The second claim Samuelson makes is, if it's possible, even worse than the first.  Samuelson says that a voucher scheme wouldn't "privatize" Medicare because... Medicare is already private.  Now, if Samuelson is serious about that claim, he's stupid.  I think, more likely, he thinks his readers are stupid.  Medicare is NOT privatized because Medicare isn't a hospital or a drug provider or any other provider of medical services.  Medicare is an insurer-- it's the entity that pays for medical treatment, not the one that provides it.  Imagine for a moment that the government gave you an option to buy homeowners insurance (call it GovInsCo).  It would pay all of the costs of repairing your home if it was destroyed in a natural disaster.  In essence, you'd submit your receipts for home repair to GovInsCo, and it would cover up to a certain amount in repairs.  Would you call that a "private" program just because the repair company you hired to fix your house would be privately owned? I doubt even Samuelson would be audacious enough to make that claim, but he persists with making the claim about medicine.
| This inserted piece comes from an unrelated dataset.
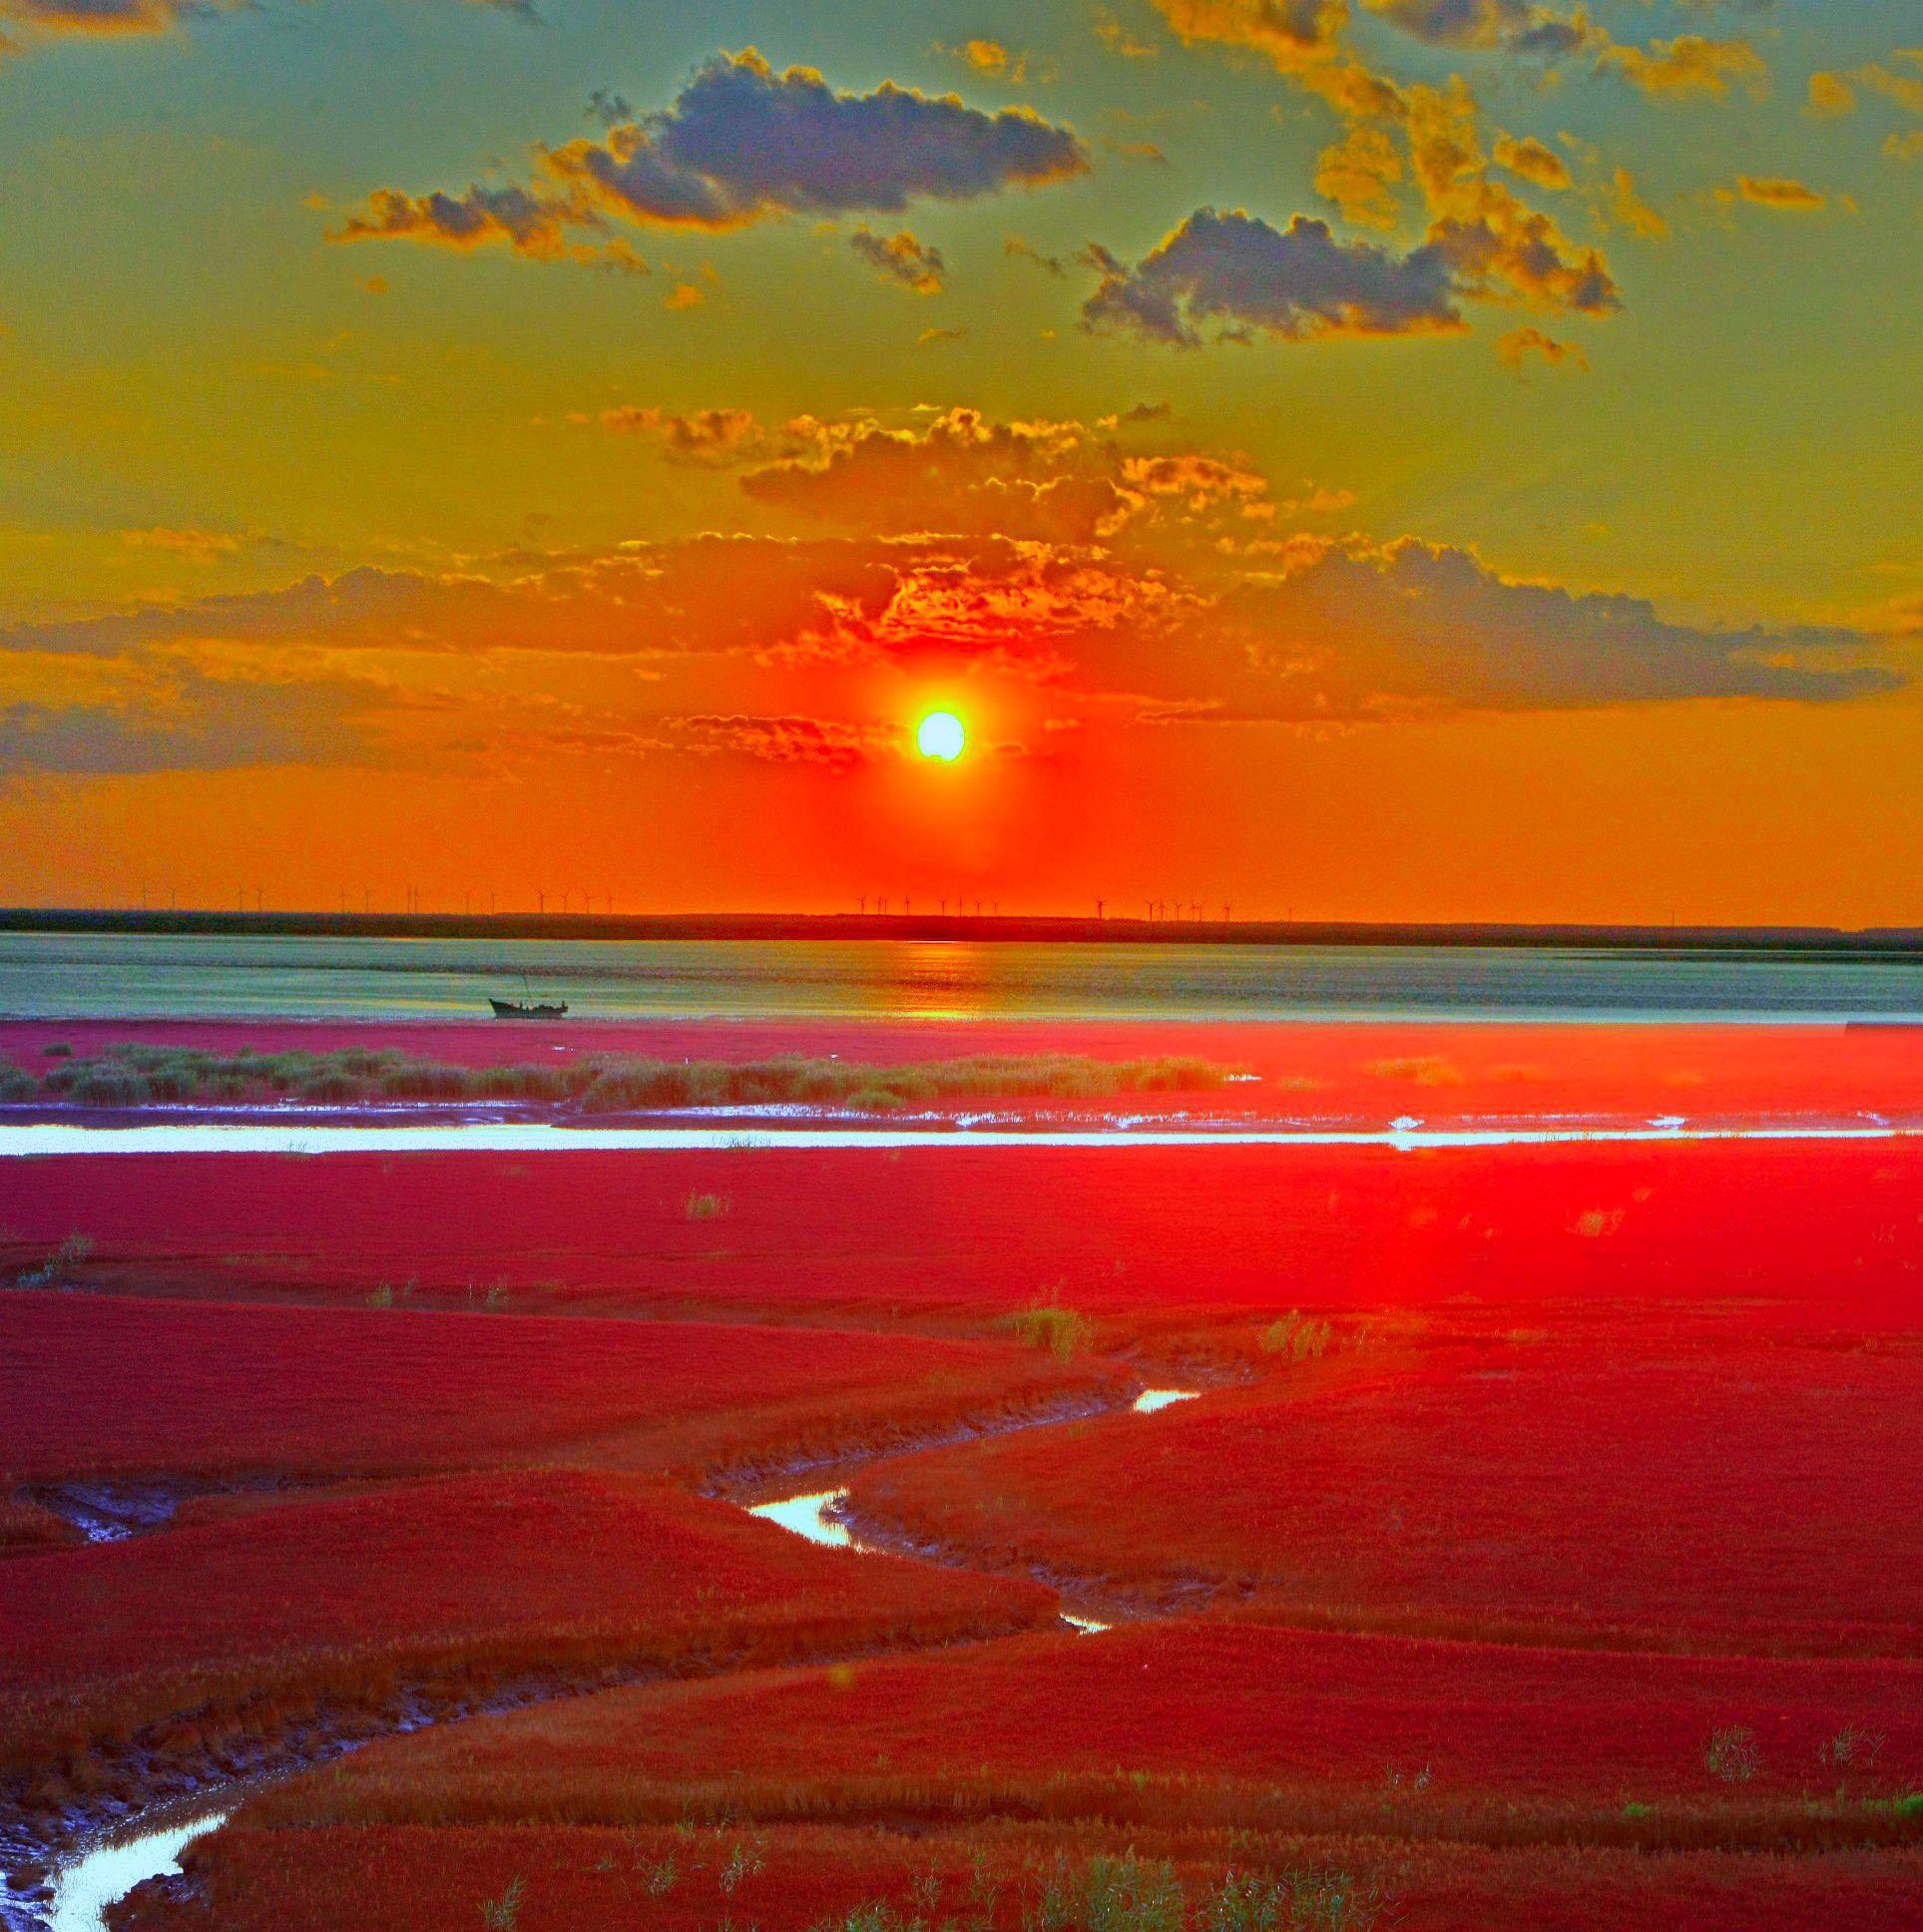 Extraordinary flaming landscape of China's Red Seabeach seashore

What Samuelson does, in short, is get worked up over those who point out that a voucher scheme replacing Medicare would, in fact, "end" Medicare, since no government-run insurance plan for the elderly would exist.  And handing seniors money to buy private insurance in its place would, in fact, be a "privatization" of Medicare, as it would take seniors out of a government-administered health insurance program and instead hand them vouchers to buy private insurance.  In short, just because Samuelson recognizes that people overwhelmingly like Medicare, and don't like the idea of privatizing it, he insists that a plan to do just that is... something else.

It's an approach that is, at its root, profoundly dishonest.